If Rebeca drives to work at x mph she will be one minute late, but if she drives at y mph she will be one minute early. How far (in miles) does Rebeca drive to work?

(1) x and y differ by seven miles per hour.
(2) y is 11% greater than x.

\(?\,\, = \,\,d\,\,\,\,\left( {{\rm{miles}}} \right)\)

\(\left. \matrix{
\left( {{\rm{late}}} \right)\,\,:\,\,\,d\,\,{\rm{miles}}\left( {{{60\,\,\min } \over {x\,\,{\rm{miles}}}}} \right)\,\,\, = \,\,\,{{60d} \over x}\,\,\min \,\,\, \hfill \cr
\left( {{\rm{early}}} \right)\,\,:\,\,\,d\,\,{\rm{miles}}\left( {{{60\,\,\min } \over {y\,\,{\rm{miles}}}}} \right)\,\,\, = \,\,\,{{60d} \over y}\,\,\min \hfill \cr} \right\}\,\,\,\,\,\mathop \Rightarrow \limits^{{\rm{stem}}} \,\,\,\,\,\,{{60d} \over x} - {{60d} \over y} = 2\,\,\,\,\left[ {\min } \right]\,\,\,\,\, \Rightarrow \,\,\,\,\,30d\left( {{1 \over x} - {1 \over y}} \right) = 1\,\,\,\,\,\,\,\left( * \right)\)

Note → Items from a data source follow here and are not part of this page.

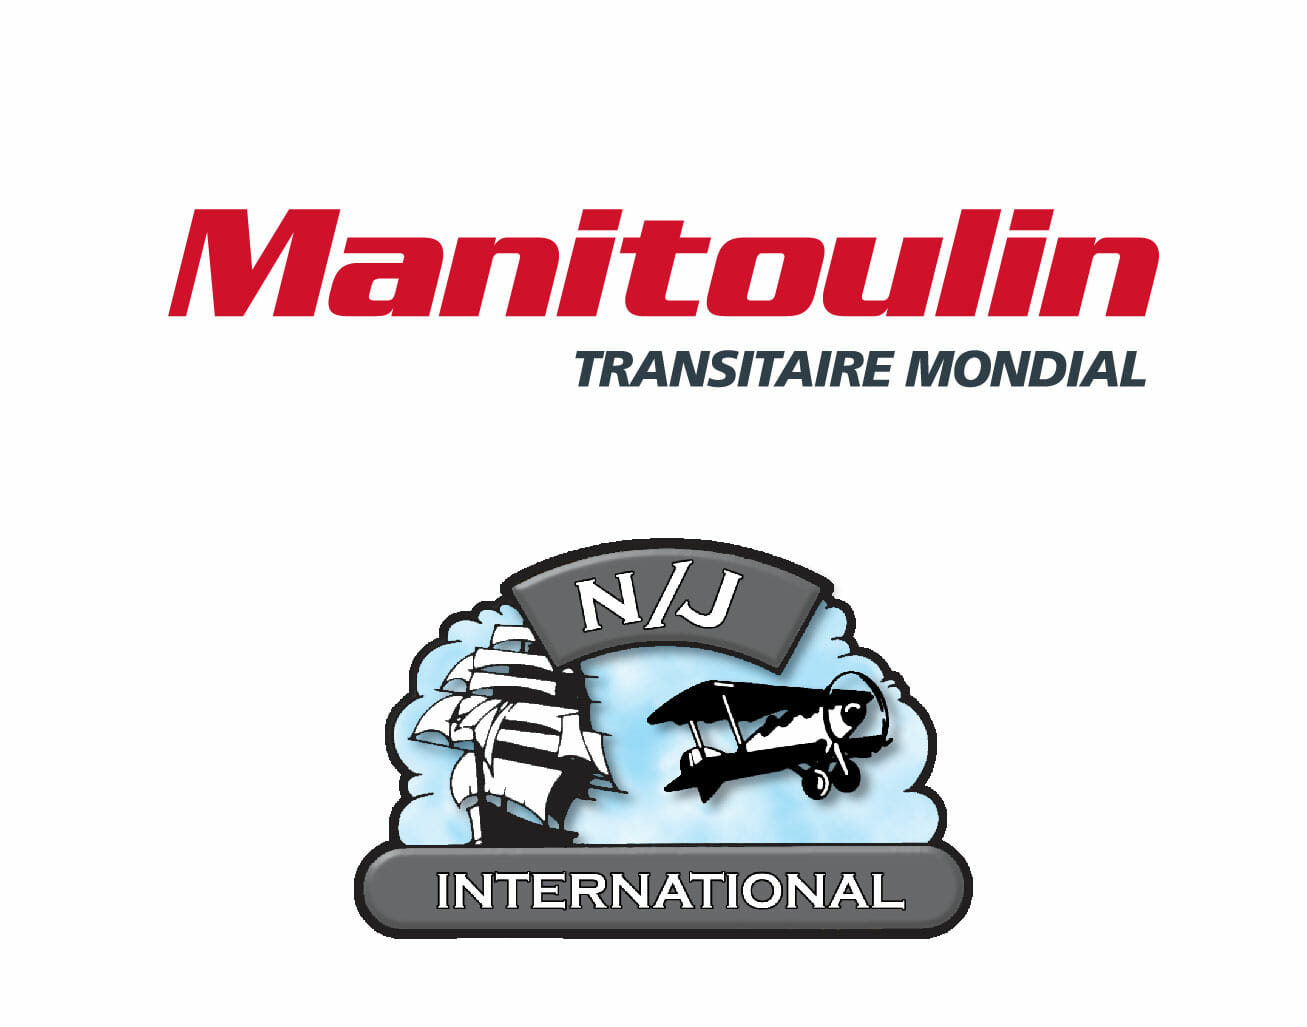 Manitoulin Transitaire mondial fait l'acquisition de N/J International Inc. de Houston, au Texas Cette première acquisition aux États-Unis étend la portée mondiale de Manitoulin
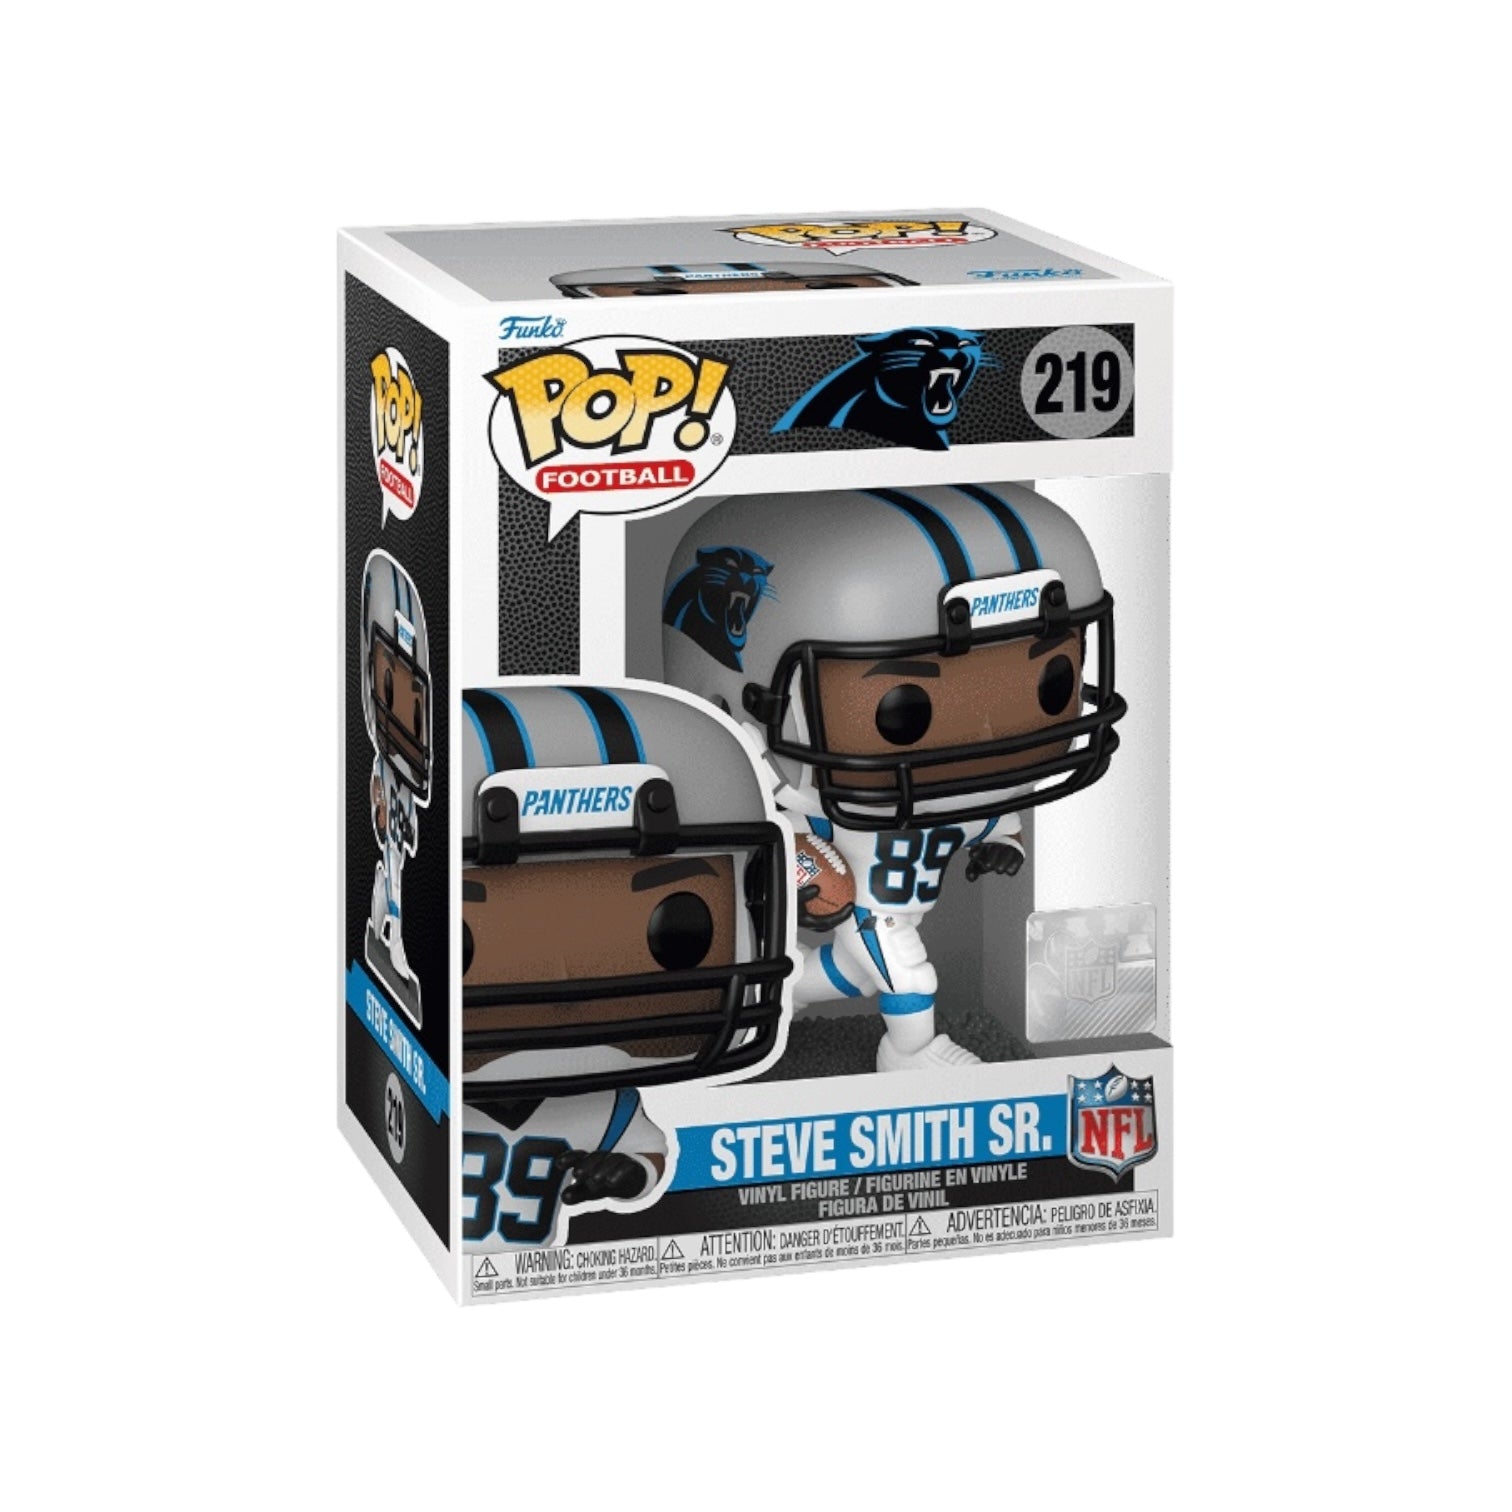 Steve Smith Sn #219 Funko Pop! - Carolina Panthers - NFL
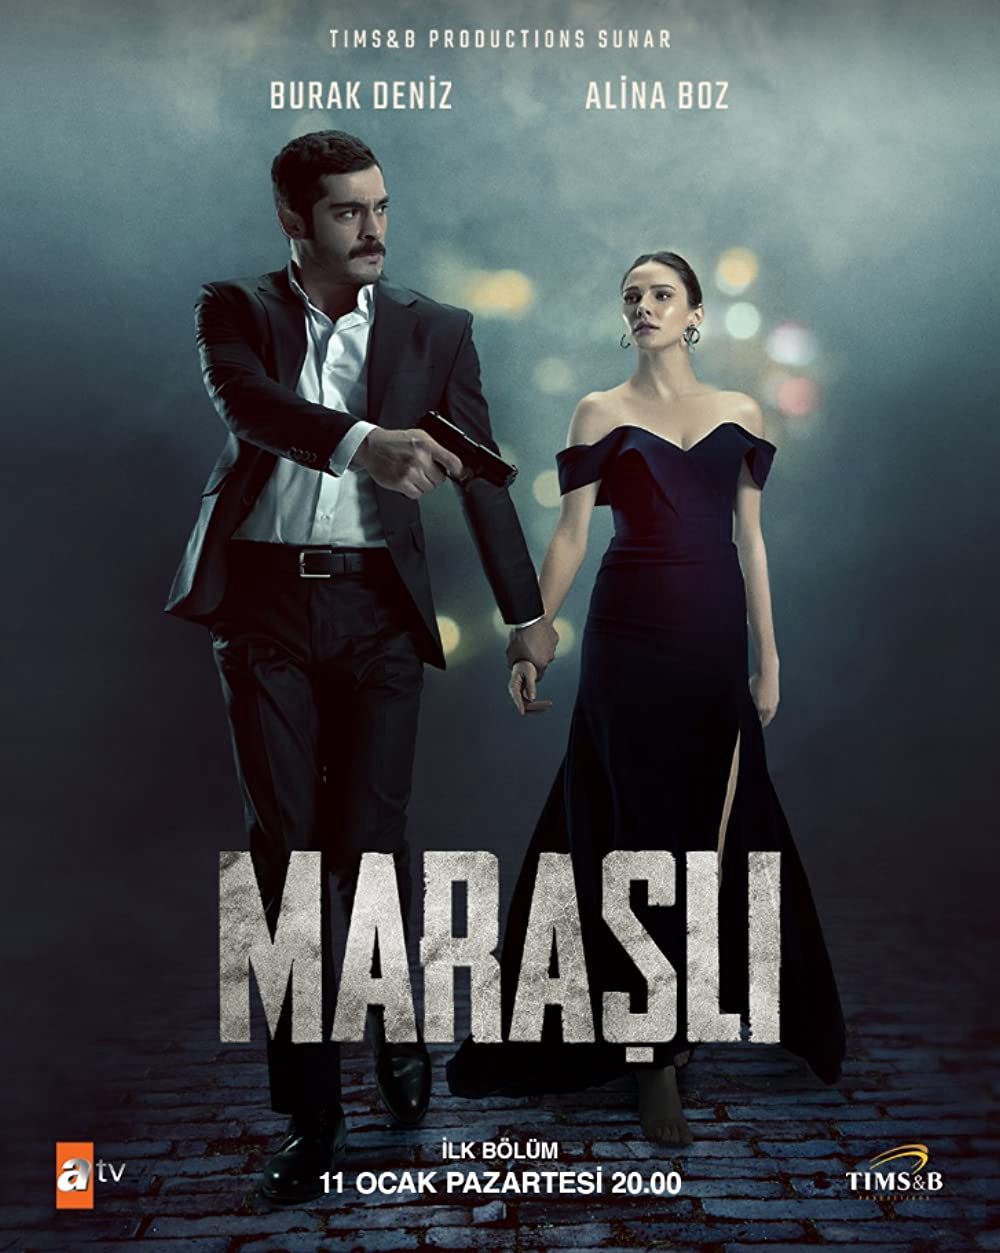 Marasli

\(\left( 1 \right)\,\,\,y - x = 7\,\,\,\left( {y > x} \right)\,\,\,\,\left[ {mph} \right]\)

\(\left\{ \matrix{
\,{\rm{Take}}\,\,\left( {x,y} \right) = \left( {1,8} \right)\,\,\,\,\,\mathop \Rightarrow \limits^{\left( * \right)} \,\,\,\,30d\left( {1 - {1 \over 8}} \right) = 1\,\,\,\,\,\mathop \Rightarrow \limits^{{\rm{viable}}!} \,\,\,\,\,? = {8 \over 7}\left( {{1 \over {30}}} \right) \hfill \cr
\,{\rm{Take}}\,\,\left( {x,y} \right) = \left( {2,9} \right)\,\,\,\,\,\mathop \Rightarrow \limits^{\left( * \right)} \,\,\,\,30d\left( {{1 \over 2} - {1 \over 9}} \right) = 1\,\,\,\,\,\mathop \Rightarrow \limits^{{\rm{viable}}!} \,\,\,\,\,? \ne {8 \over 7}\left( {{1 \over {30}}} \right) \hfill \cr} \right.\,\,\,\,\,\,\, \Rightarrow \,\,\,\,\,\,\,{\rm{INSUFF}}.\)

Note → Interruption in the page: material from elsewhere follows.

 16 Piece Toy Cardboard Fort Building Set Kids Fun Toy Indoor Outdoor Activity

\(\left( 2 \right)\,\,\,y = {{111} \over {100}}x\,\,\,\,\,\left\{ \matrix{
\,{\rm{Take}}\,\,\left( {x,y} \right) = \left( {1,{{111} \over {100}}} \right)\,\,\,\,\,\mathop \Rightarrow \limits^{\left( * \right)} \,\,\,\,30d\left( {1 - {{100} \over {111}}} \right) = 1\,\,\,\,\,\mathop \Rightarrow \limits^{{\rm{viable}}!} \,\,\,\,\,? = {{111} \over {11}}\left( {{1 \over {30}}} \right) \hfill \cr
\,{\rm{Take}}\,\,\left( {x,y} \right) = \left( {100,111} \right)\,\,\,\,\,\mathop \Rightarrow \limits^{\left( * \right)} \,\,\,\,30d\left( {{1 \over {100}} - {1 \over {111}}} \right) = 1\,\,\,\,\,\mathop \Rightarrow \limits^{{\rm{viable}}!} \,\,\,\,\,? \ne {{111} \over {11}}\left( {{1 \over {30}}} \right) \hfill \cr} \right.\,\,\,\,\,\,\, \Rightarrow \,\,\,\,\,\,\,{\rm{INSUFF}}.\)

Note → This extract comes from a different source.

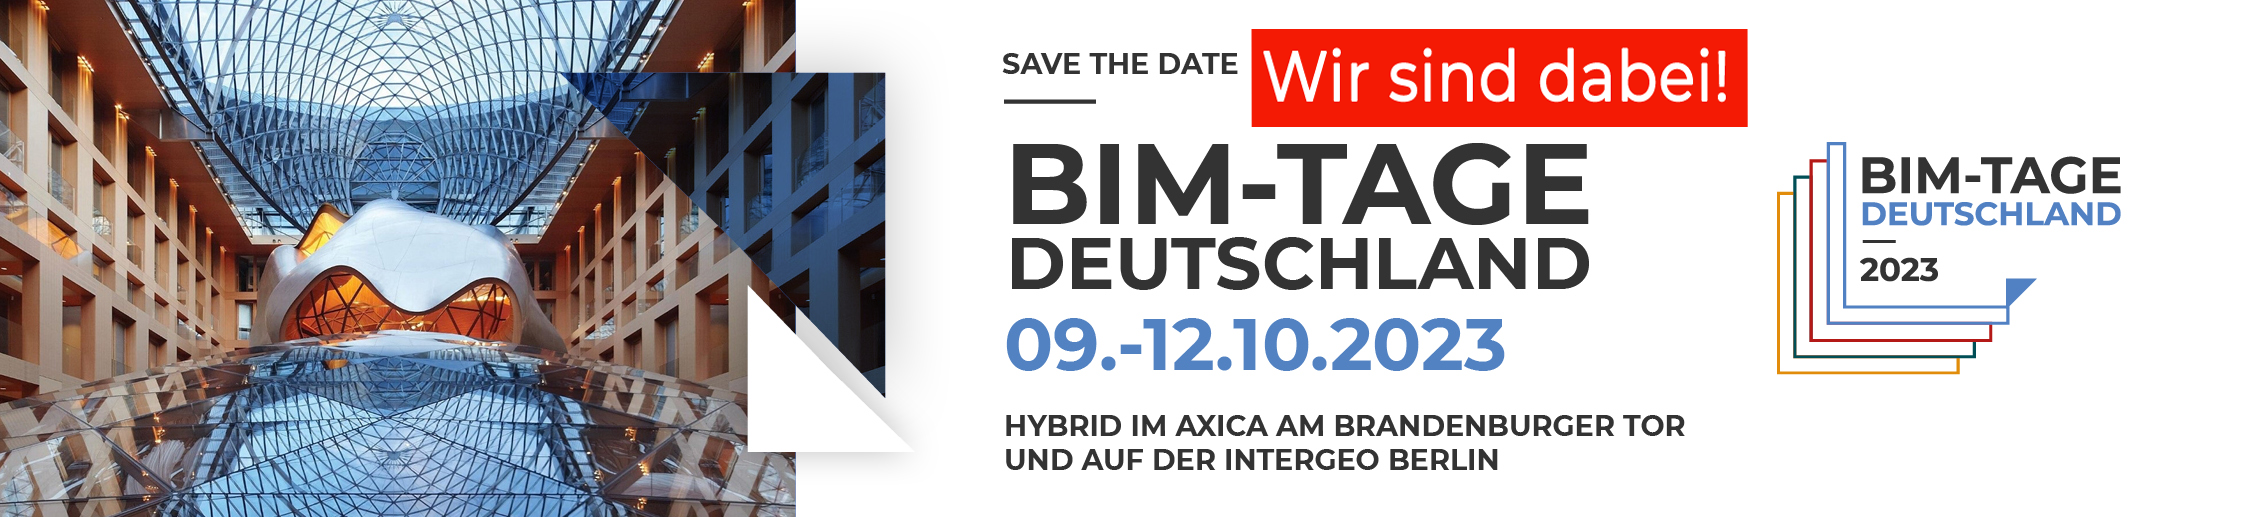 Banner BIM-Tage Deutschland 2023: links Foto der Location Axica in Berlin, mittig "Save The Date" mit Termininfos, rechts Logo der BIM-Tage Deutschland

\(\left( {1 + 2} \right)\,\,\,\left\{ \matrix{
\,y - x = 7 \hfill \cr
\,y = {{111} \over {100}}x \hfill \cr} \right.\,\,\,\,\, \Rightarrow \,\,\,\,\,{{111} \over {100}}x - x = 7\,\,\,\,\, \Rightarrow \,\,\,\,\,x\,\,{\rm{unique}}\,\,\,\,\,\left( {y = x + 7\,\,{\rm{unique}}} \right)\,\,\,\,\,\mathop \Rightarrow \limits^{\left( * \right)} \,\,\,\,\,d\,\,{\rm{unique}}\,\,\,\, \Rightarrow \,\,\,\,\,\,\,{\rm{SUFF}}.\)


The correct answer is (C).


We follow the notations and rationale taught in the GMATH method.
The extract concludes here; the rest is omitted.